Lehua Kono, who is of Japanese, Filippino, European and Pacific Islander descent, works in a pharmacy in Salt Lake City and said she’s had customers ask for another person to help them because of the way she looks.
Kono said it’s not uncommon for her to stand out in Utah, as the state’s Asian population is only 2.4%, according to the U.S. Census Bureau. However, the sophomore international and Asian studies major at the University of Utah said she’s noticed people distancing themselves more from her since the beginning of COVID-19.
Kono also shared an experience her mom had when shopping at a grocery store where everyone in the aisle left when they saw her.

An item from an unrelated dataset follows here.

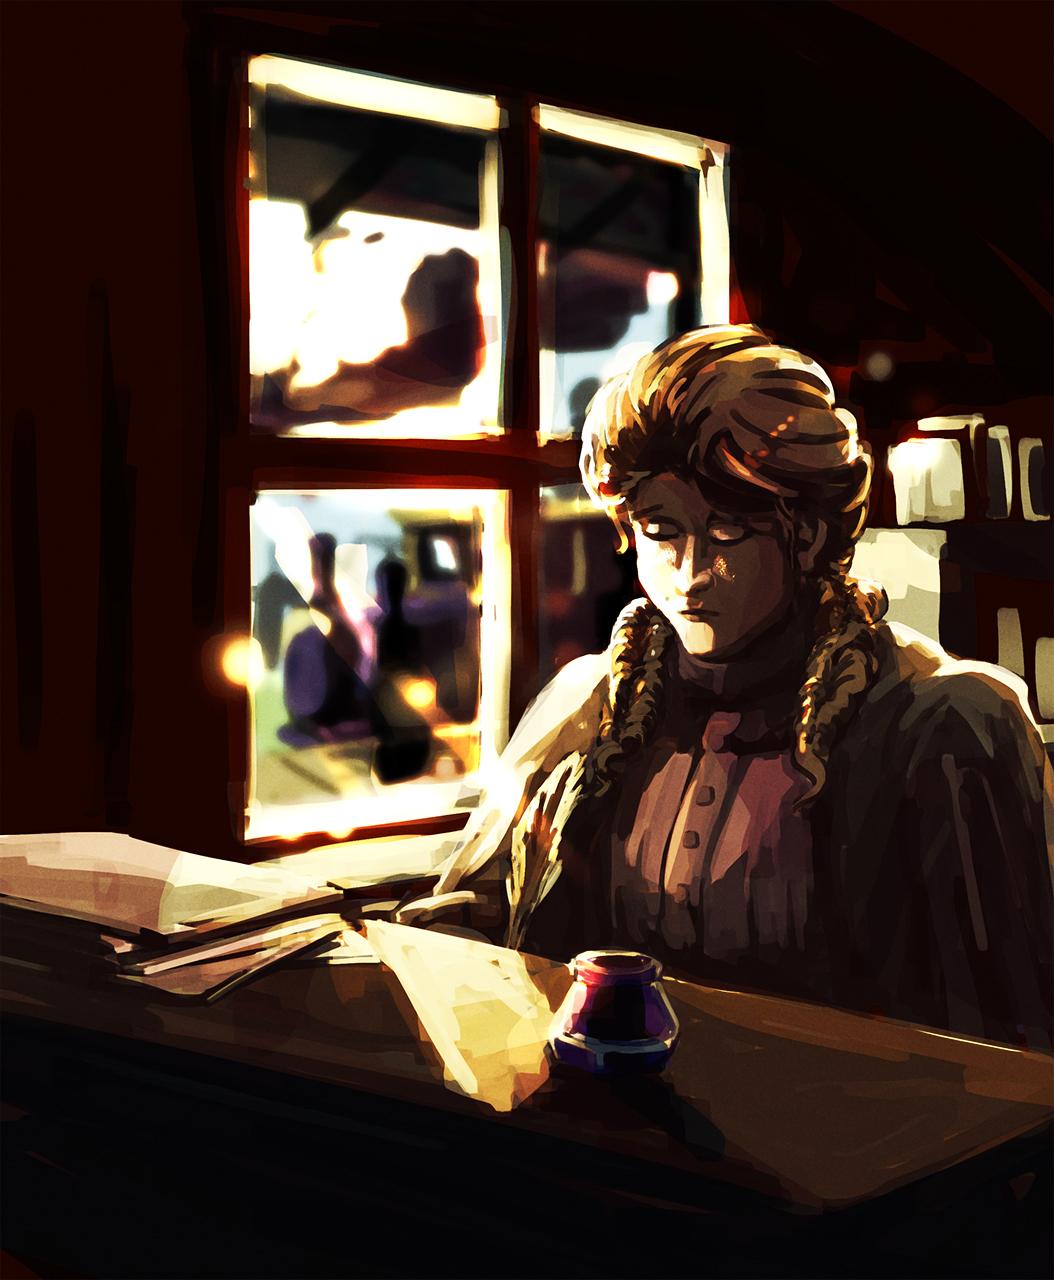 Rework: Mary-Beth Gaskill

Back in Georgia, Langlois said she and her mother, who is Korean, were stared down by a caucasian woman while at a park before shelter-in-place orders went into effect. Langlois said the woman also coughed, without covering her mouth, and then walked away without saying anything.
“I don’t know if that was her being weird or her being subtle in some sense, but that was a very strange thing,” Langlois said. “My mom and I were definitely uncomfortable.”
For both Langlois and Kono, frustration stems from people blaming and scapegoating instead of fighting back against racism and supporting one another.
“It’s just unfortunate that an entire community … has to deal with this and be faced with the consequences,” Langlois said. “It became this kind of finger pointing of, ‘Who started this, who ruined my life,’ kind of deal.”
While the #IAMNOTAVIRUS hashtag is helping to spread awareness and combat racism, Langlois sees its online-only presence being a limitation since people choose who and what they want to follow on social media channels.
“I feel like it’s spread mostly within the Asian community … and also I feel like the people that are going to be spiteful in the first place normally aren’t the ones looking for that,” Langlois said.
On the other side, Keo said another challenge has been keeping up with the number of submissions and making sure everyone feels heard and supported.
And even though Farrow is no longer affiliated with the campaign, he said he will continue to advocate for the Asian American community — even after COVID-19 becomes a disease of the past.
“We’re definitely committed to … keep working as long as there’s anti-Asian rhetoric, as long as there’s Asian violence,” Farrow said. “It’s not like we can stop being Asian American and move on to the next thing.”
Rachel Priest is a senior majoring in journalism and history in the Grady College of Journalism and Mass Communication and the Franklin College of Arts and Sciences, respectively, at the University of Georgia.